▶ Prompt
Transcribe the listing below from its opening line up to and including the line that contains "14K Gold Filled"; reproduce nothing else.

▶ Records for the task
-=-=-
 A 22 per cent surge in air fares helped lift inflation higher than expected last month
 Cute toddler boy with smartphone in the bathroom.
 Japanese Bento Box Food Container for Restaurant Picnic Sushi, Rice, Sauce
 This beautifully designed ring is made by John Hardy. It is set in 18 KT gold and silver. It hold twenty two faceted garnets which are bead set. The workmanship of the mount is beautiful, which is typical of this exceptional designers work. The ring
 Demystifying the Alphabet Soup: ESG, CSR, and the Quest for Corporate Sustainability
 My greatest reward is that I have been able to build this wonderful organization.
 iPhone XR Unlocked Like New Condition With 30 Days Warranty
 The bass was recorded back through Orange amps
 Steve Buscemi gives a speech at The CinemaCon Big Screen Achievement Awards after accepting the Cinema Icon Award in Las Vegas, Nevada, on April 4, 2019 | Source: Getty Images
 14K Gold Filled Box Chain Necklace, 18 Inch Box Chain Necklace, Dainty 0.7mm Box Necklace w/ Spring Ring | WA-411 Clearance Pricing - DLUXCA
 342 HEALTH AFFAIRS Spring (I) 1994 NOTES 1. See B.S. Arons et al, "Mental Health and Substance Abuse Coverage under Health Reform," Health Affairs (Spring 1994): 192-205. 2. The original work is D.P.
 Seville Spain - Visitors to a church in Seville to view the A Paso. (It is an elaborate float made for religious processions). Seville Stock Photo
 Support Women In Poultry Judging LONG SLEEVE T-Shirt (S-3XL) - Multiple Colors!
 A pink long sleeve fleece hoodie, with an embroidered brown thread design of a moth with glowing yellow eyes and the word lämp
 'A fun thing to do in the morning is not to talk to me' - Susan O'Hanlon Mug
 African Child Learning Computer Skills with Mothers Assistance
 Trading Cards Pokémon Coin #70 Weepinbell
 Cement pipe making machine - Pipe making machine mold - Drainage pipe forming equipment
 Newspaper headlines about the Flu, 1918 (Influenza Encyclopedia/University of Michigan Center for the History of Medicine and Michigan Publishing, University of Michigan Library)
-=-=-
▶ Exercise output
 A 22 per cent surge in air fares helped lift inflation higher than expected last month
 Cute toddler boy with smartphone in the bathroom.
 Japanese Bento Box Food Container for Restaurant Picnic Sushi, Rice, Sauce
 This beautifully designed ring is made by John Hardy. It is set in 18 KT gold and silver. It hold twenty two faceted garnets which are bead set. The workmanship of the mount is beautiful, which is typical of this exceptional designers work. The ring
 Demystifying the Alphabet Soup: ESG, CSR, and the Quest for Corporate Sustainability
 My greatest reward is that I have been able to build this wonderful organization.
 iPhone XR Unlocked Like New Condition With 30 Days Warranty
 The bass was recorded back through Orange amps
 Steve Buscemi gives a speech at The CinemaCon Big Screen Achievement Awards after accepting the Cinema Icon Award in Las Vegas, Nevada, on April 4, 2019 | Source: Getty Images
 14K Gold Filled Box Chain Necklace, 18 Inch Box Chain Necklace, Dainty 0.7mm Box Necklace w/ Spring Ring | WA-411 Clearance Pricing - DLUXCA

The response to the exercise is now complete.